Being invited to the Brian Friel Theatre is always a pleasure, and this instance was no exception.
Board Games was lively from the very beginning: the four members of the cast each emerged into the corporate setting before dancing outrageously as they think they are alone. This immediately shows us that this play is not going to be a stiff one, and shows the characters playful sides before they enter the office environment.
The metafictional theme of the play begins to emerge in the use of audience prompters to laugh, as well as AlLan referring to the group as characters. These fourth wall breaks would continue throughout the play to greater effect.
The camp humour and over-dramatisation of simple day to day activities provides a lush viewing experience for the audience, as we are entertained by Allan’s fits of insanity, Carol’s attempts at authority and Stevie just trying to make sense of it all. The chemistry of the actors is unquestionable, with Allan’s eccentric and humorous actions bouncing off Stevie’s more conservative and businesslike manner that eventually falls away as the play progresses. This dynamic shows how the artist struggles to be creative in this stifling corporate environment where it is not organic, and their creativity begins to flourish as these conventions are broken down. They each come up with stagnated, trope-driven narratives they think their audience would like to see without asking themselves what they would like to create.
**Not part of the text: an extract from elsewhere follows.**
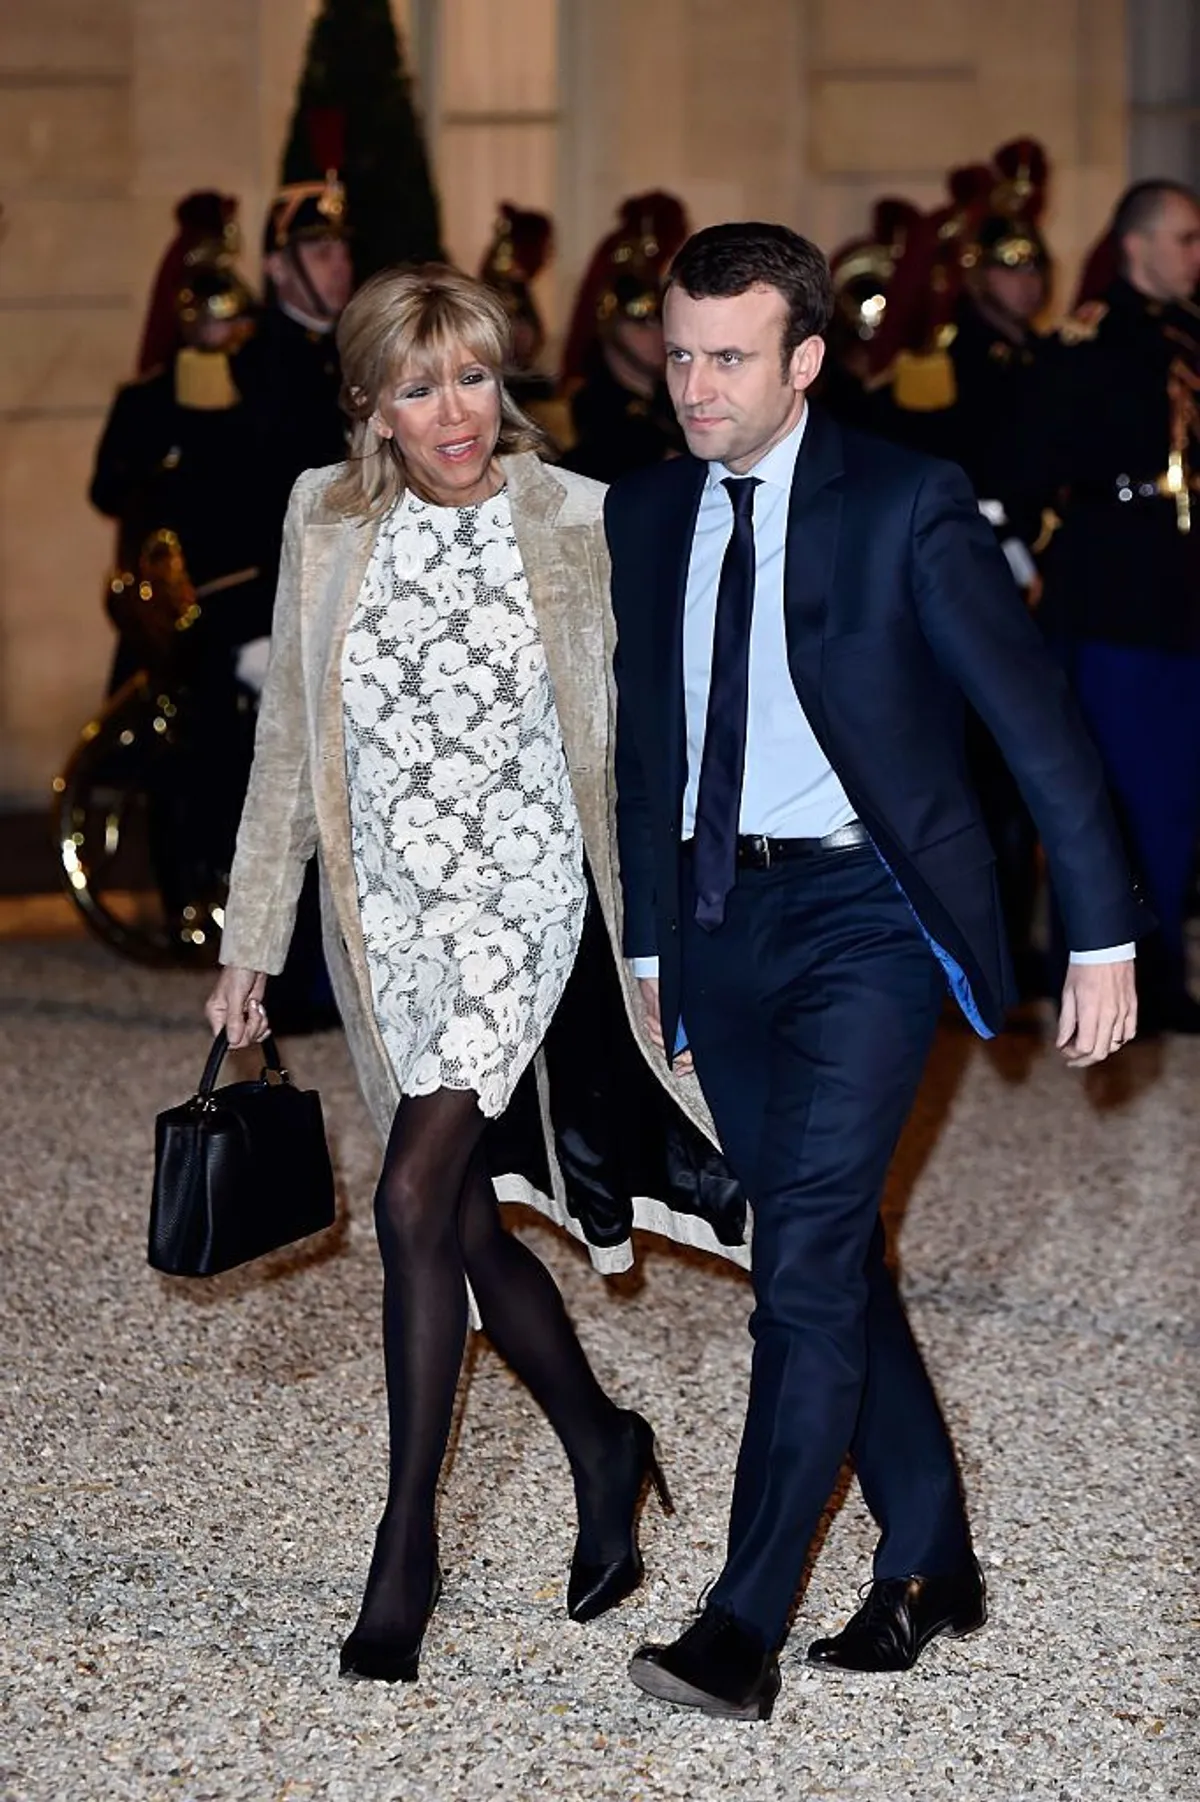 Emmanuel Macron et son épouse Brigitte arrivent au dîner d'État en l'honneur du roi Willem-Alexander des Pays-Bas et de la reine Maxima le 10 mars 2016 à Paris, France. | Photo : Getty Images

The metafictional elements of the play begins to grow with the actors contemplating the idea of writing a play. This play within a play idea is reminiscently Shakespearean, reminding me of A Midsummer Night’s Dream where Quince and the labourers struggle to conduct Pyramus and Thisbe due to the looming shadow of a deadline. The humour rises to great heights as the characters bash it out in physical altercations, brought to a crescendo when Allan hits Stevie with a NERF bullet directly in the face with comic timing that made the audience howl with laughter. Ultimately, they decide that they are a team with obstacles to overcome together.
The monologue at the end highlights the importance of the audience in the play, suggesting that they have a role of their own. This postmodern breakdown of traditional narratives is furthered when we discover that these characters are actors, merely puppets on corporate strings and that all this zany madness has been its own play all along.
I really enjoyed the clever wit married with chaos in this play, and once again the Players have produced a piece that they should be very proud of.